Димитрий оборачивается. Теперь он злится.

― То, что ты действительно подумала, что я предпочту разбираться с Хендриксом вместо того, чтобы спасти тебя, говорит мне, что ты так меня и не узнала.

― Ты не показывал мне ничего, кроме мести, мести и мести.

Он качает головой, глядя на меня.

― Я не стану отрицать, что только о ней и думал. Но если ты когда-нибудь попадешь в беду, то ничто… ничто не помешает мне прийти тебе на помощь.

У меня по коже бегут мурашки.

― Правда?

Он отворачивается и идет к выходу.

― Да, и ты должна была это знать.

Я бросаюсь к нему.

― Димитрий, не уходи так.

Он меня не слушает.

― Ты сделал мне больно сегодня вечером, ― кричу я, заставляя его остановиться. ― Ты позволил, чтобы… этот… мужчина… пришел. И ты встал на его сторону ради информации. Ты, действительно, думал, что я не задамся вопросом, что же между нами?

Он оборачивается.

― Я бы никогда не позволил ему прикоснуться к тебе.

― Это к делу не относится! ― кричу я.

― Бл*, Джесс, чего ты от меня хочешь? Я украл тебя. В какой момент я превратился из врага в гребаного прекрасного принца?

Я качаю головой, больше не сдерживая слез. Они стекают по щекам и капают с подбородка, а я их и не вытираю.
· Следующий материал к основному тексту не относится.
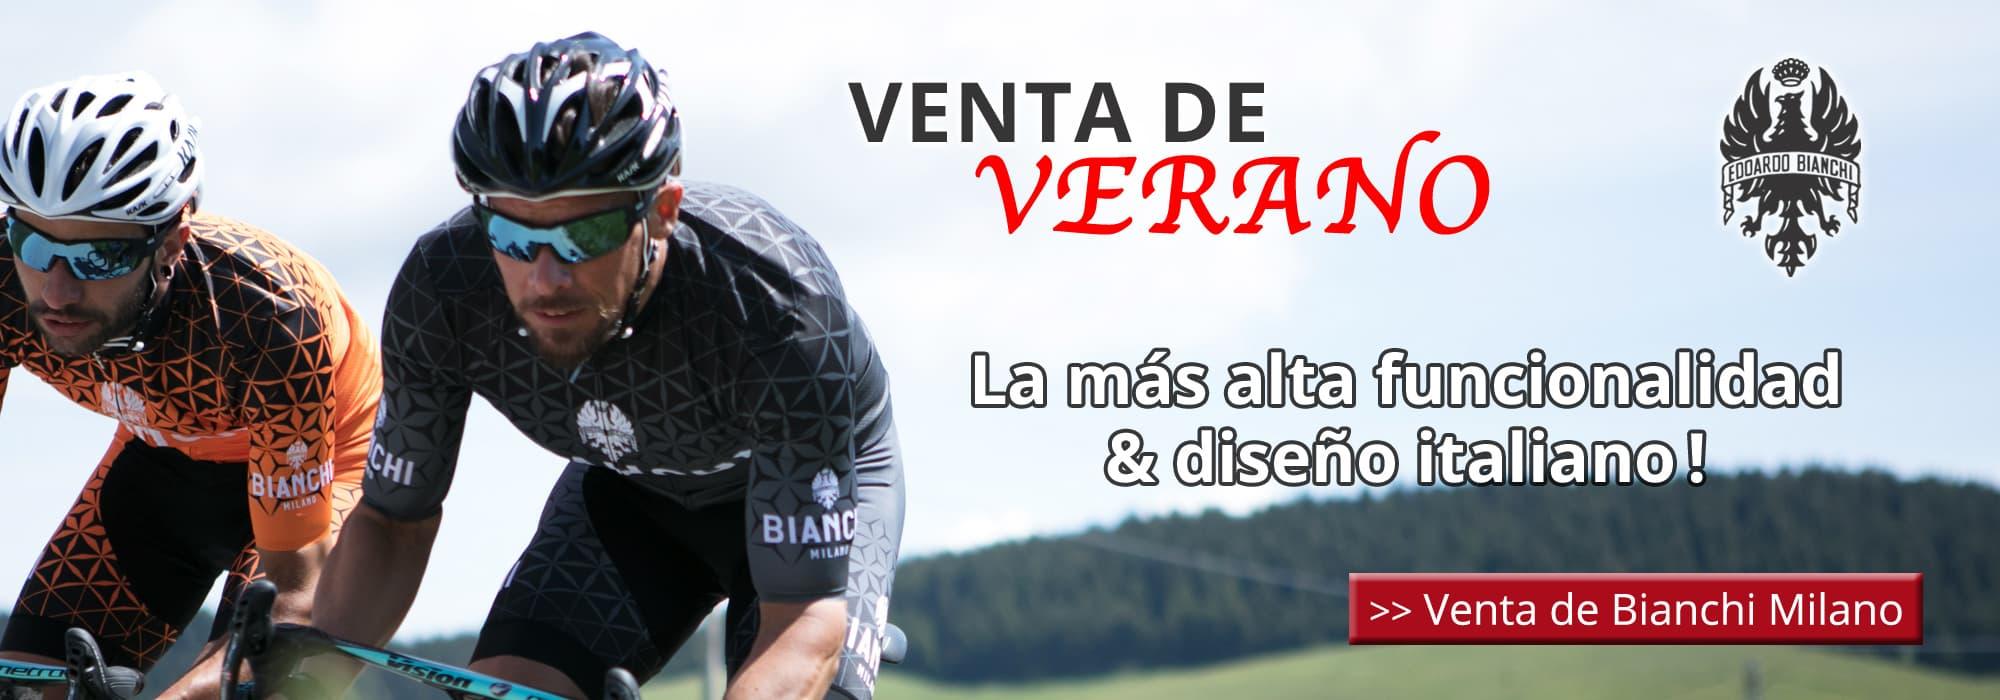 Bianchi Milano - Venta de Verano

― Я никогда не говорила, что хочу прекрасного принца. Черт, и не говорила, что хочу плохого парня. Я просто хочу правды, Дими. Хочу знать, почему все еще разговариваю с тобой, хотя у меня был шанс сбежать.

Он подходит ко мне, смотрит сверху вниз напряженным взглядом голубых глаз.

― Это ты мне скажи, ― выдыхает он. ― Почему ты не сбежала?

Качаю головой, глядя на него затуманенным взглядом.

― Потому что могу видеть больше, что остальные. Я вижу ту твою сторону, которую ты отталкиваешь. Я вижу в тебе часть себя. Чувствую связь, когда я с тобой, понимание… но больше всего, чувствую тебя, Димитрий. Всем сердцем.

Еще до того, как я произношу что-то еще, он бросается вперед, обнимает за плечи и буквально вжимает меня в себя. А потом губами находит мои. Как только губы сливаются, я забываю обо всем. Колени слабеют, и я ловлю себя на том, что вцепляюсь пальцами в его рубашку, при этом стараюсь не касаться груди. Он стонет и делает шаг вперед, заставляя меня сделать шаг назад.

Мы падаем на кровать, и слабость в моем теле быстро превращается в страх, когда его тело обрушивается на меня. Для большинства, это прекрасный момент. Для меня ― чистый ужас. Я задыхаюсь, разрываю поцелуй, упираюсь руками в его грудь и с силой толкаю. Его передергивает от моего прикосновения, и он тоже напрягается, отскакивает от меня и пятится назад. Я сажусь, тяжело дыша.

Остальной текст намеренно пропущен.